Sunday, May 19, 2013

Flagship of All Relationships

A wedding is, among other things, the culmination of a waiting for a marriage relationship with someone. On it rides the hopes of all things good, good things that come from a marriage.

Our marriages are but a fore-shadowing of the ultimate relationship we will have with God in His fully manifest kingdom. In some ways, a wedding signals our desire for this ultimate relationship. It indicates our aspiration to commit ourselves to the things that make that possible (faith).

Weddings can remind us of that commitment, of that desire...even in painful ways...for what we ultimately hope for, whether we experience it now or not. We should continue to hope for such things, to have faith for such things, to love for such things.

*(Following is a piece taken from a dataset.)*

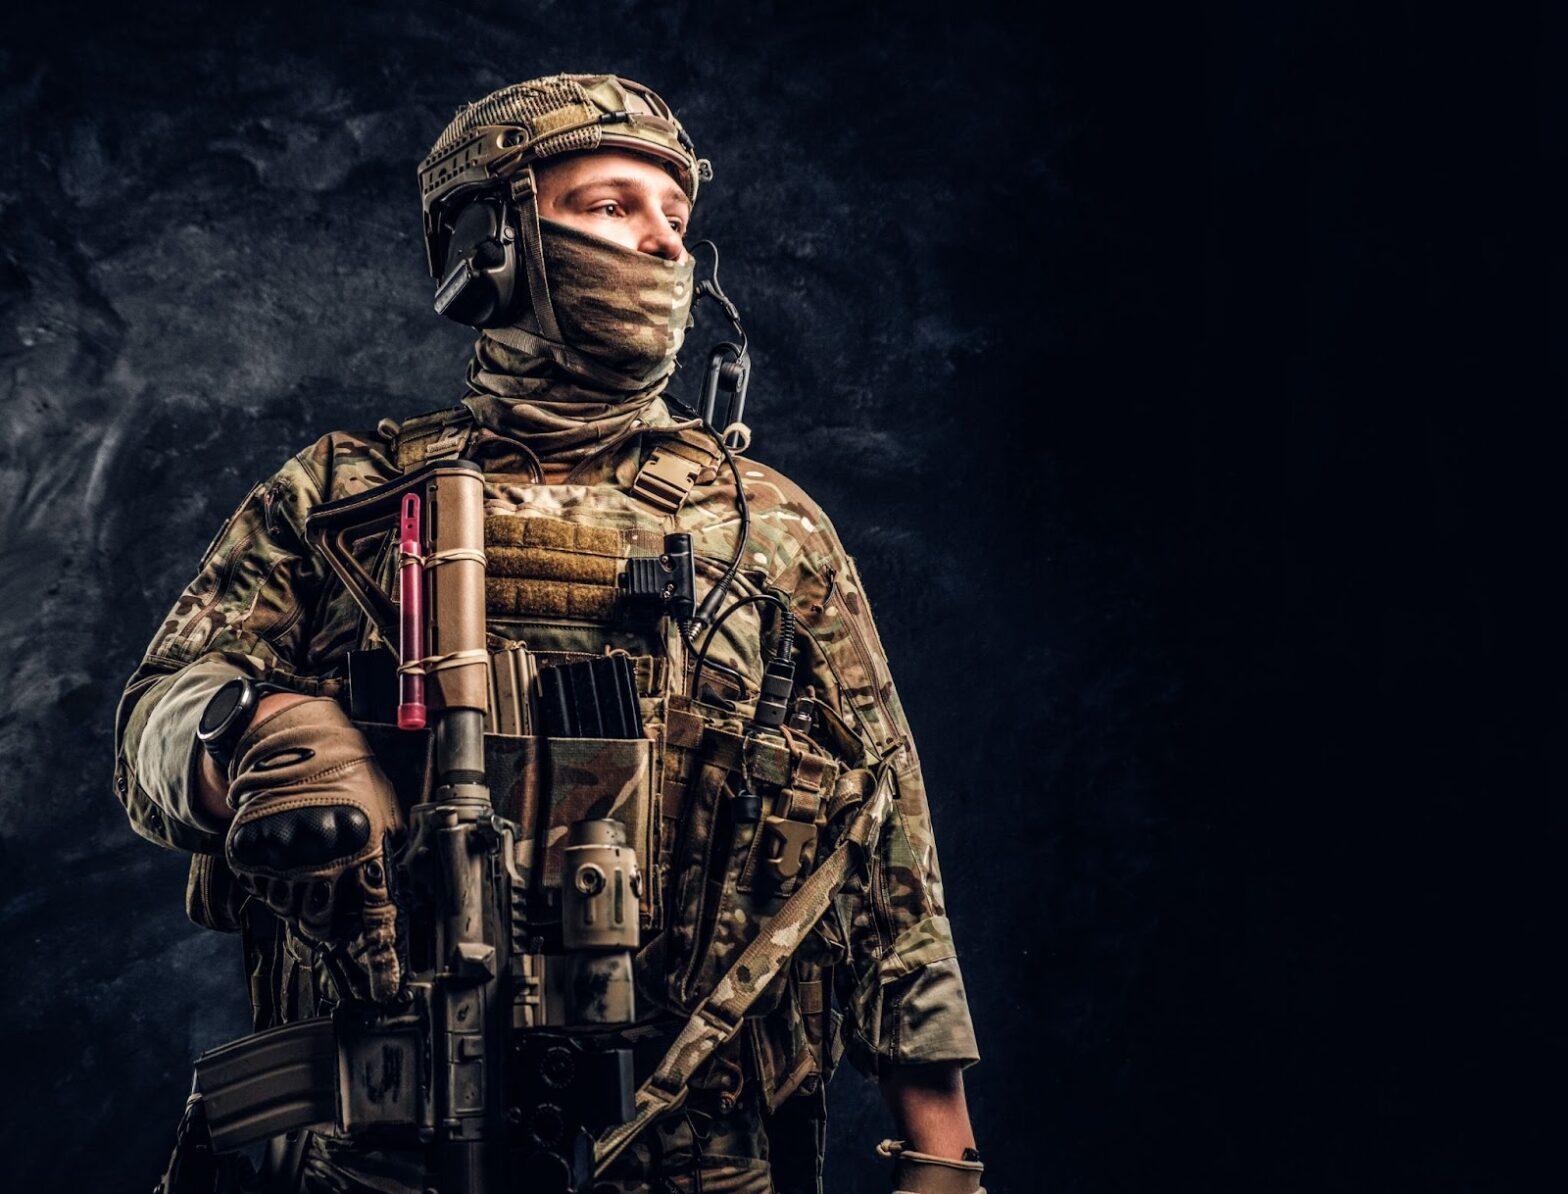 Soldier in camouflage uniform

For marriage inevitably becomes the flagship of all other relationships.  One's own home is the place where love must first be practiced before it can truly be practiced anywhere else.  No one likes to be out of joint with a good friend or with in-laws or with an employer, but such problem at least can be tolerated. Yet any little thing that comes between a man and his wife is capable of wrenching them apart inside, and if that is not the case, then it can only be due to the growth of a callousness in them that cannot help carrying over into all their other relationships.  A husband and wife are "one flesh," and to be alienated from one another is equivalent to being alienated from their own bodies.  How can a man who harbors bitterness towards himself be anything but bitter toward the rest of the world? "He who loves his wife loves himself," says Paul (Ephesians 5:28).